Embedded 3D Printing of Multimaterial Polymer Lattices via Graph-Based Print Path Planning

Recent advances in computational design and 3D printing enable the fabrication of polymer lattices with high strength-to-weight ratio and tailored mechanics. To date, 3D lattices composed of monolithic materials have primarily been constructed due to limitations associated with most commercial 3D printing platforms. Here, freeform fabrication of multi-material polymer lattices via embedded three-dimensional (EMB3D) printing is demonstrated. An algorithm is developed first that generates print paths for each target lattice based on graph theory. The effects of ink rheology on filamentary printing and the effects of the print path on resultant mechanical properties are then investigated.

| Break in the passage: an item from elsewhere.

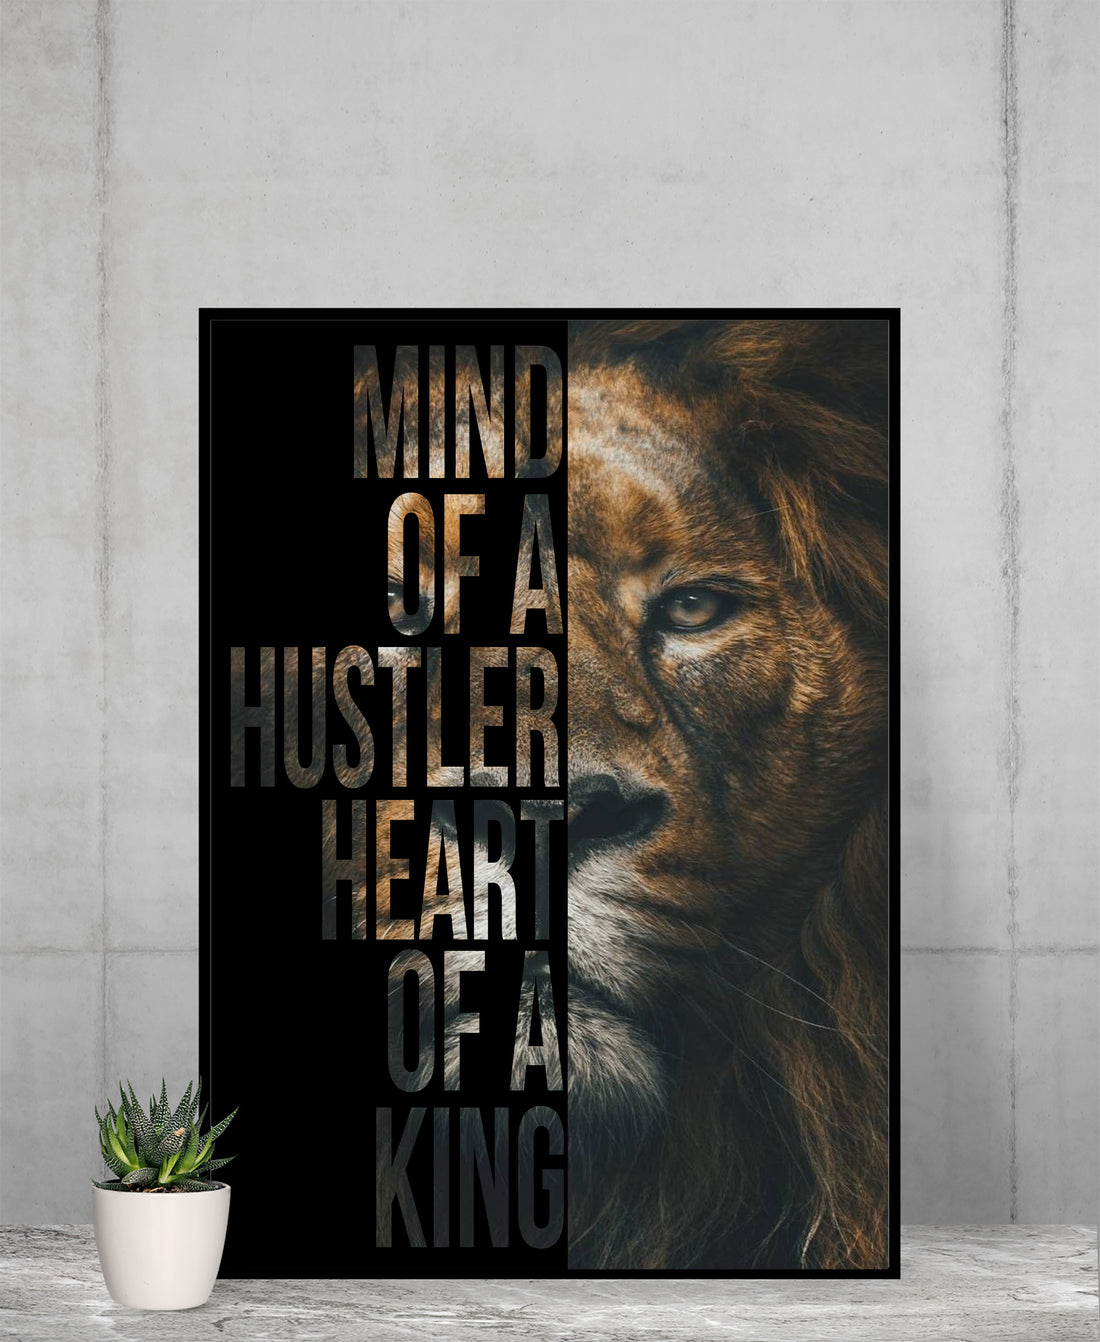 Poster Wall, Mind Of A Hustler Heart Of A Queen Poster, Lion King Quotes, Birthday Gifts For Boyfriend, Living Room Decorations

By co-printing multiple materials with different mechanical properties, a broad range of periodic and stochastic lattices with tailored mechanical responses can be realized opening new avenues for constructing architected matter.

Automated summary

Recent advancements in computational design and 3D printing technology have allowed for the fabrication of polymer lattices that have a high strength-to-weight ratio and tailored mechanics. However, limitations with most commercial 3D printing platforms have only allowed for the construction of monolithic 3D lattices. This study demonstrates the use of embedded three-dimensional (EMB3D) printing to create multi-material polymer lattices, enabling the fabrication of a wide range of periodic and stochastic lattices with tailored mechanical responses by printing multiple materials with different mechanical properties.